Assigned task>
Nothing but an exact repeat of the data, with pictures removed, belongs in the answer.

Dataset content>

======

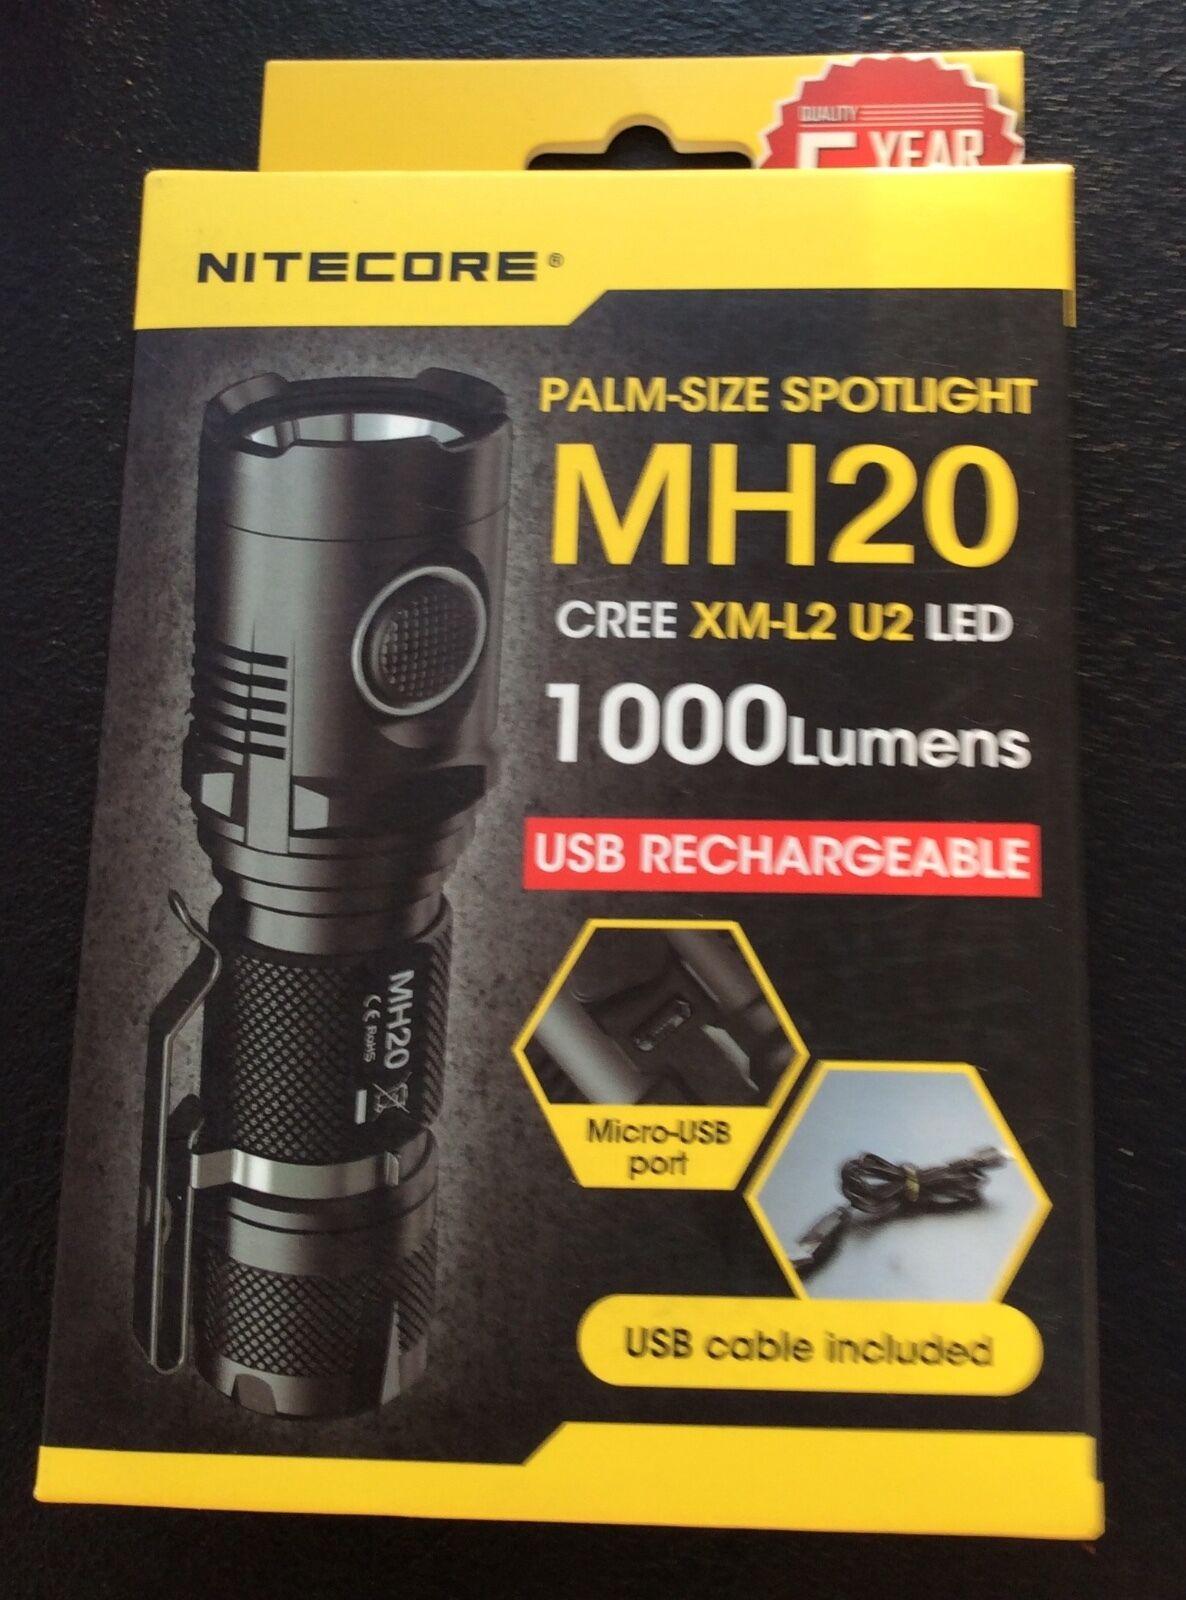 OVP Nightcore MH20 CREE palm-Größe spotlight wasserdicht XM-L2 LED 1000 Lumens
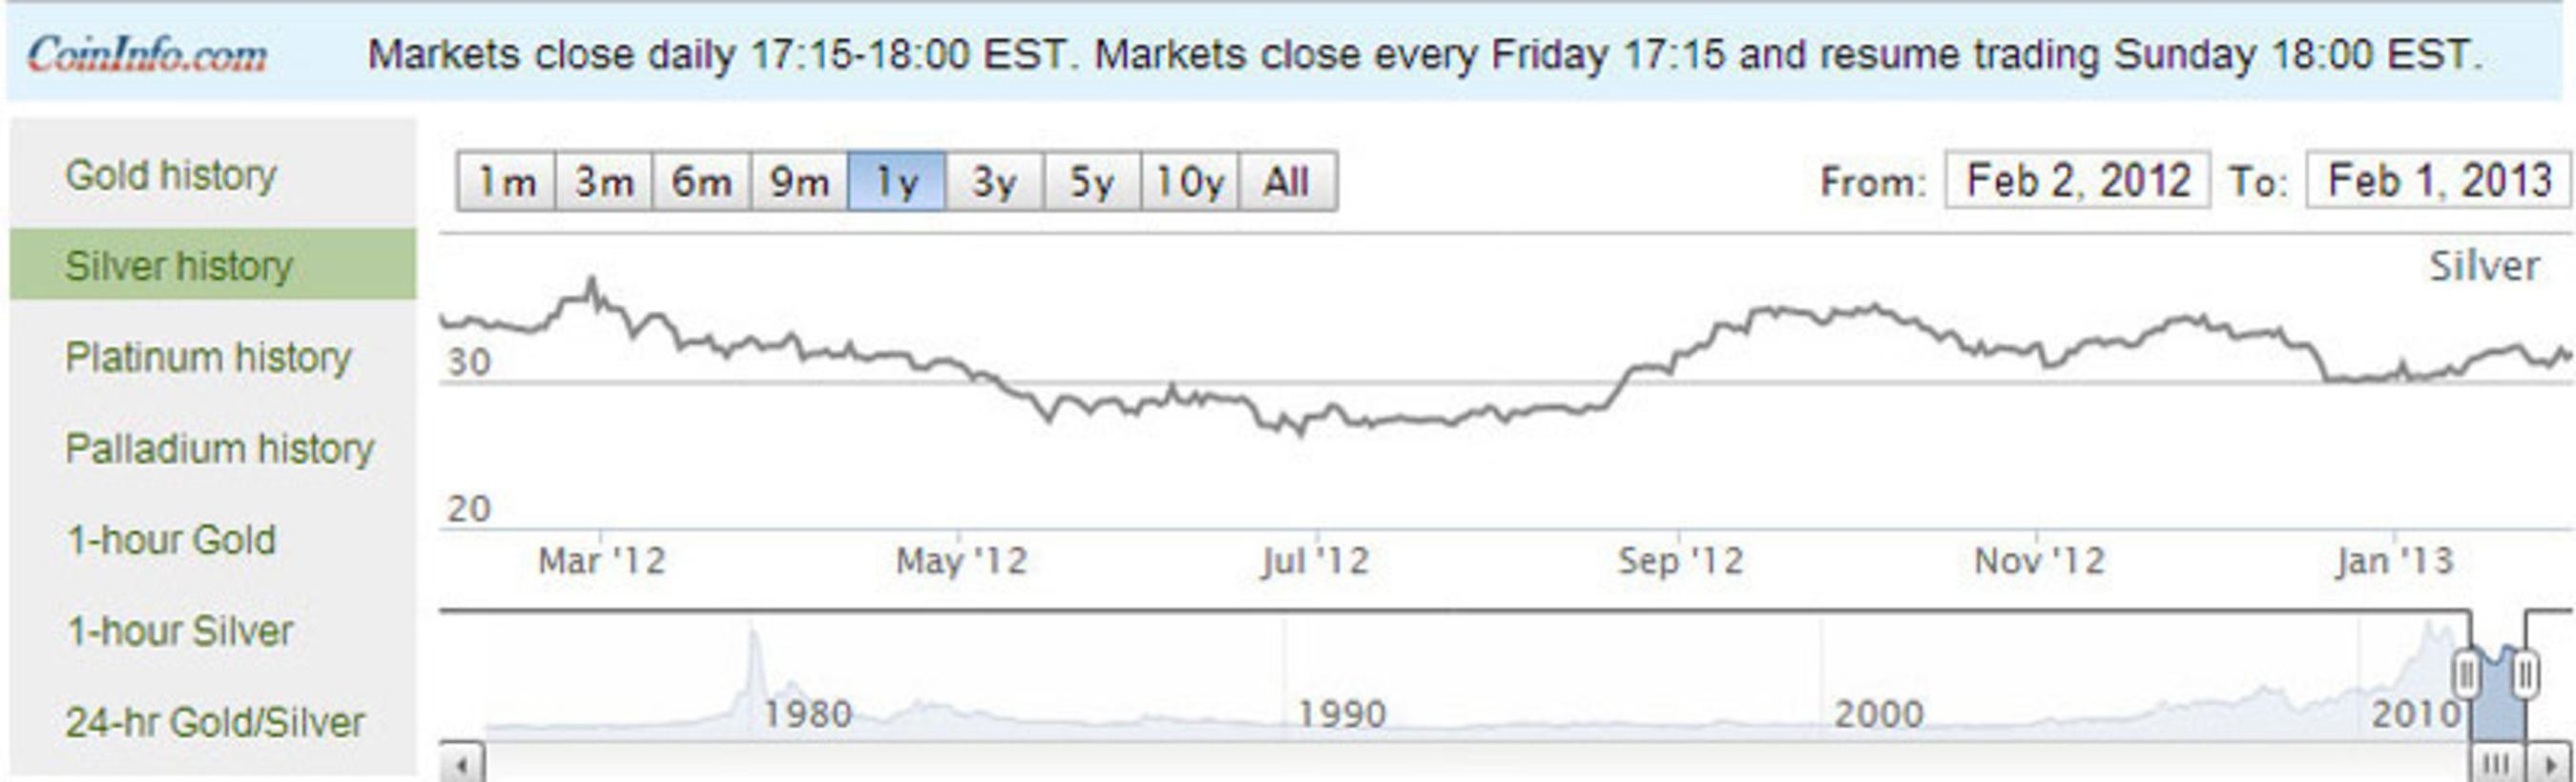 Historical Silver Chart.  (PRNewsFoto/CoinInfo.com)
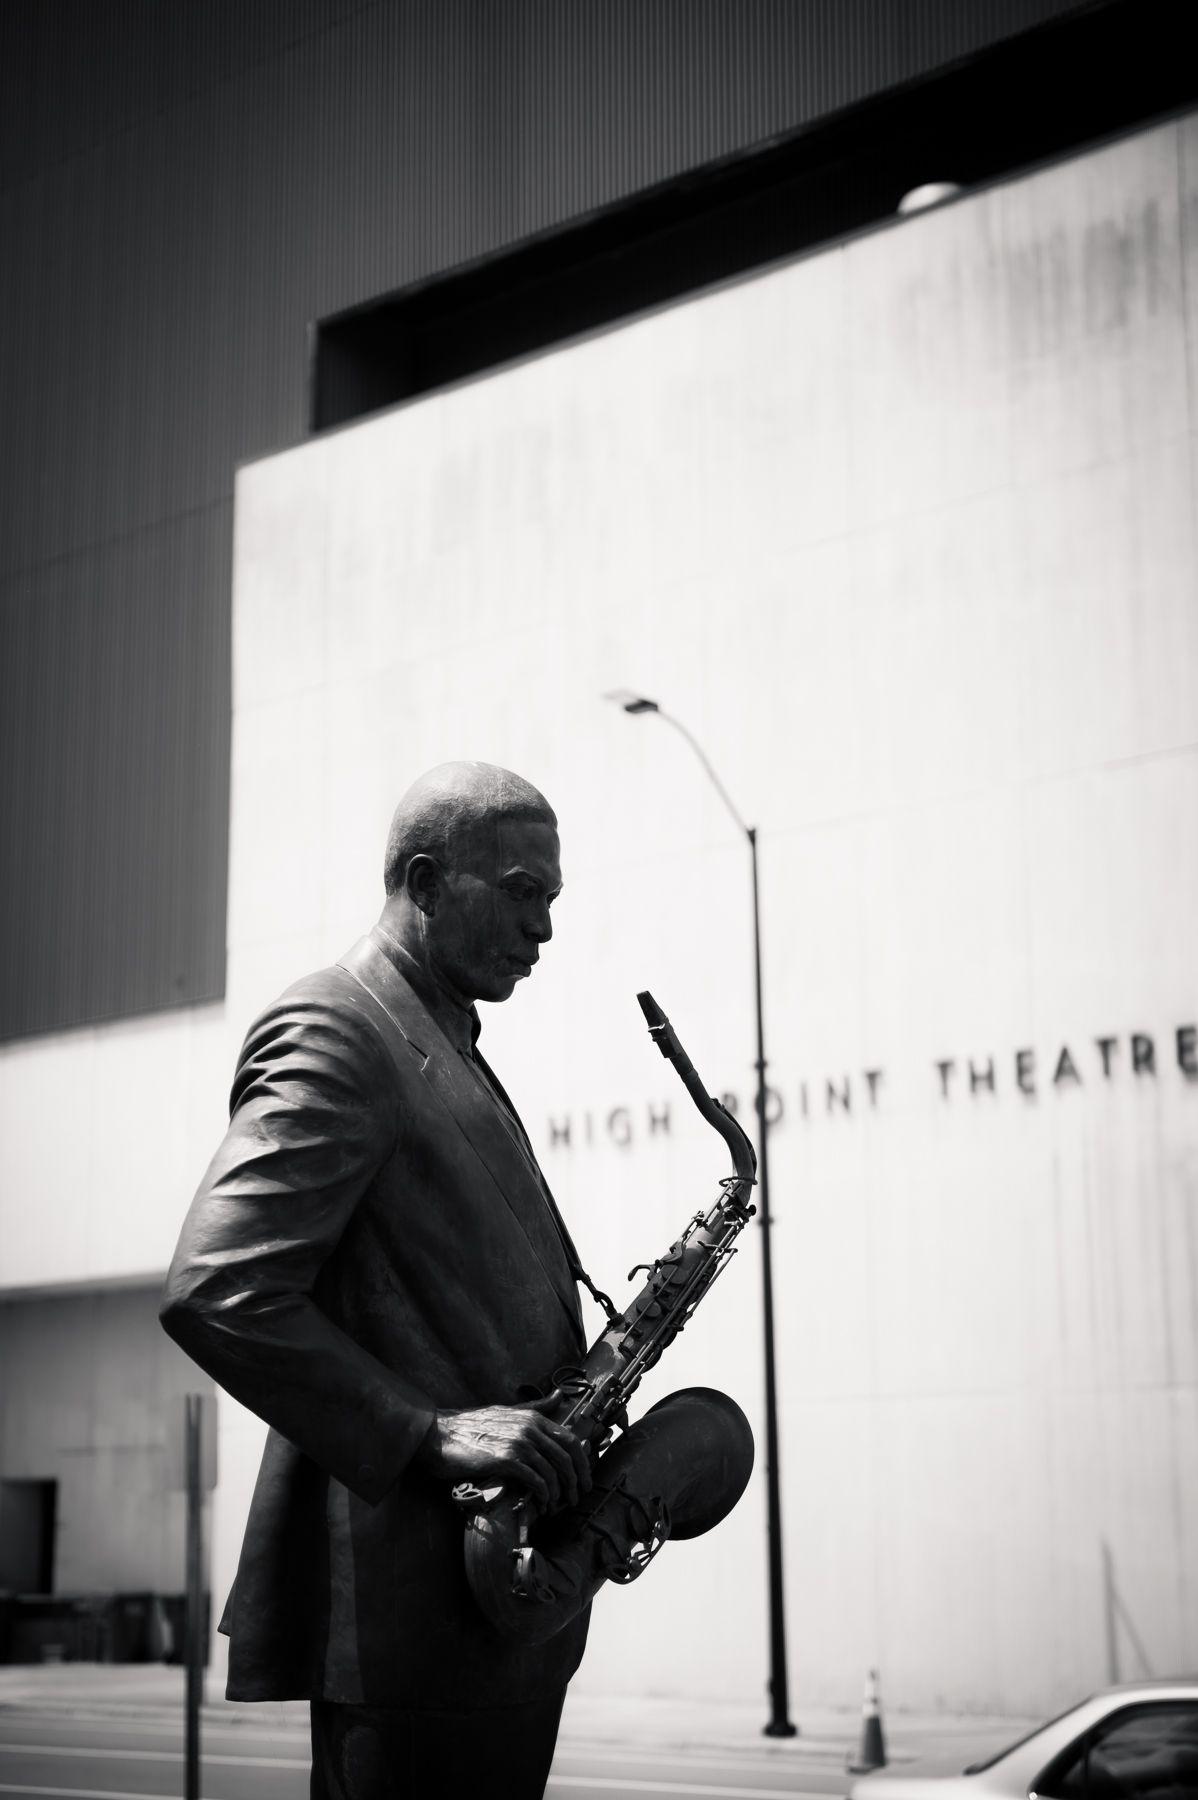 John Coltrane statue in High Point, NC.

======

Solution>
 OVP Nightcore MH20 CREE palm-Größe spotlight wasserdicht XM-L2 LED 1000 Lumens
 Historical Silver Chart.  (PRNewsFoto/CoinInfo.com)
 John Coltrane statue in High Point, NC.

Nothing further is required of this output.